Summary
IDEXX Laboratories, Inc. reported solid revenue growth for the six months ended June 30, 2015, with total revenue increasing by 6.1% year-over-year to $795.8 million. This growth was primarily driven by the Companion Animal Group (CAG) segment, which saw an 8.9% increase in revenue, particularly in recurring diagnostics revenue. The company successfully transitioned to an all-direct sales strategy in the U.S., which is contributing to distributor margin capture and influencing revenue growth. Despite a challenging foreign currency environment impacting international revenue, IDEXX demonstrated resilience. Financially, the company maintained profitability, with net income attributable to IDEXX stockholders at $103.5 million for the first six months. The balance sheet shows a significant increase in long-term debt, reflecting recent note issuances to fund general corporate purposes. While cash flow from operations decreased compared to the prior year, primarily due to changes in working capital, the company maintained sufficient liquidity through its credit facility and cash reserves.
Financial Highlights
54 data points| Revenue | $413.34M |
| Cost of Revenue | $180.59M |
| Gross Profit | $232.76M |
| R&D Expenses | $24.32M |
| Operating Income | $88.30M |
| Interest Expense | $7.26M |
| Net Income | $56.91M |
| EPS (Basic) | $0.61 |
| EPS (Diluted) | $0.60 |
| Shares Outstanding (Basic) | 93.38M |
| Shares Outstanding (Diluted) | 94.31M |
Key Highlights
- 1Total revenue increased by 6.1% to $795.8 million for the six months ended June 30, 2015, compared to the same period in 2014.

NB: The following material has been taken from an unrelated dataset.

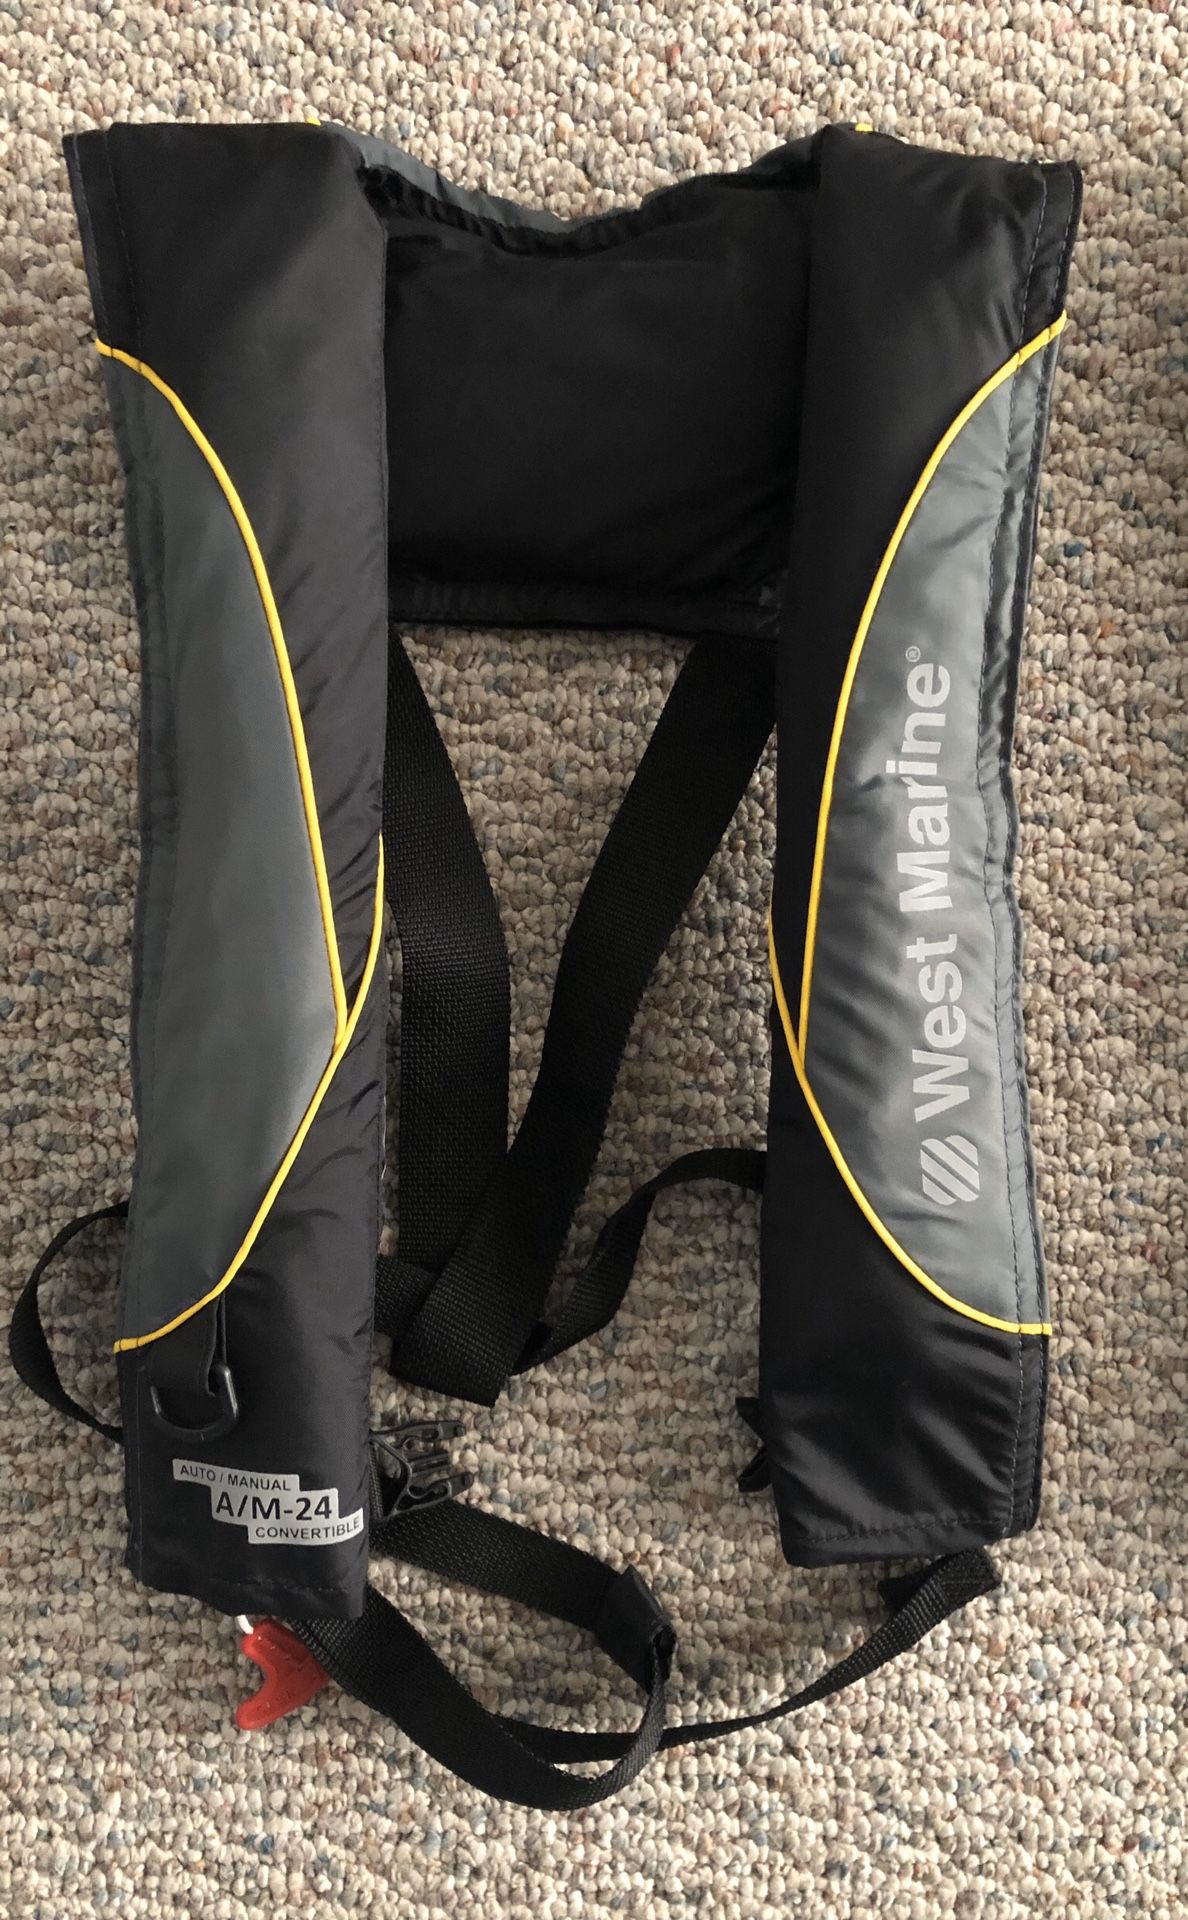 West Marine Inflatable Life Vests

- 2Companion Animal Group (CAG) was the primary growth driver, with revenue up 8.9% to $676.1 million, largely due to recurring diagnostics revenue.
- 3The company successfully completed the transition to an all-direct sales strategy in the U.S., which is contributing to revenue growth through distributor margin capture.
- 4Net income attributable to stockholders was $103.5 million for the first six months of 2015.
- 5Long-term debt increased significantly due to the issuance of new senior notes, totaling approximately $250 million during the period.
- 6Cash flow from operating activities decreased by $49.8 million to $65.5 million for the six months ended June 30, 2015, impacted by changes in working capital.
- 7The company reported $163.2 million in cash and cash equivalents as of June 30, 2015, and had $201.0 million in remaining borrowing availability under its credit facility.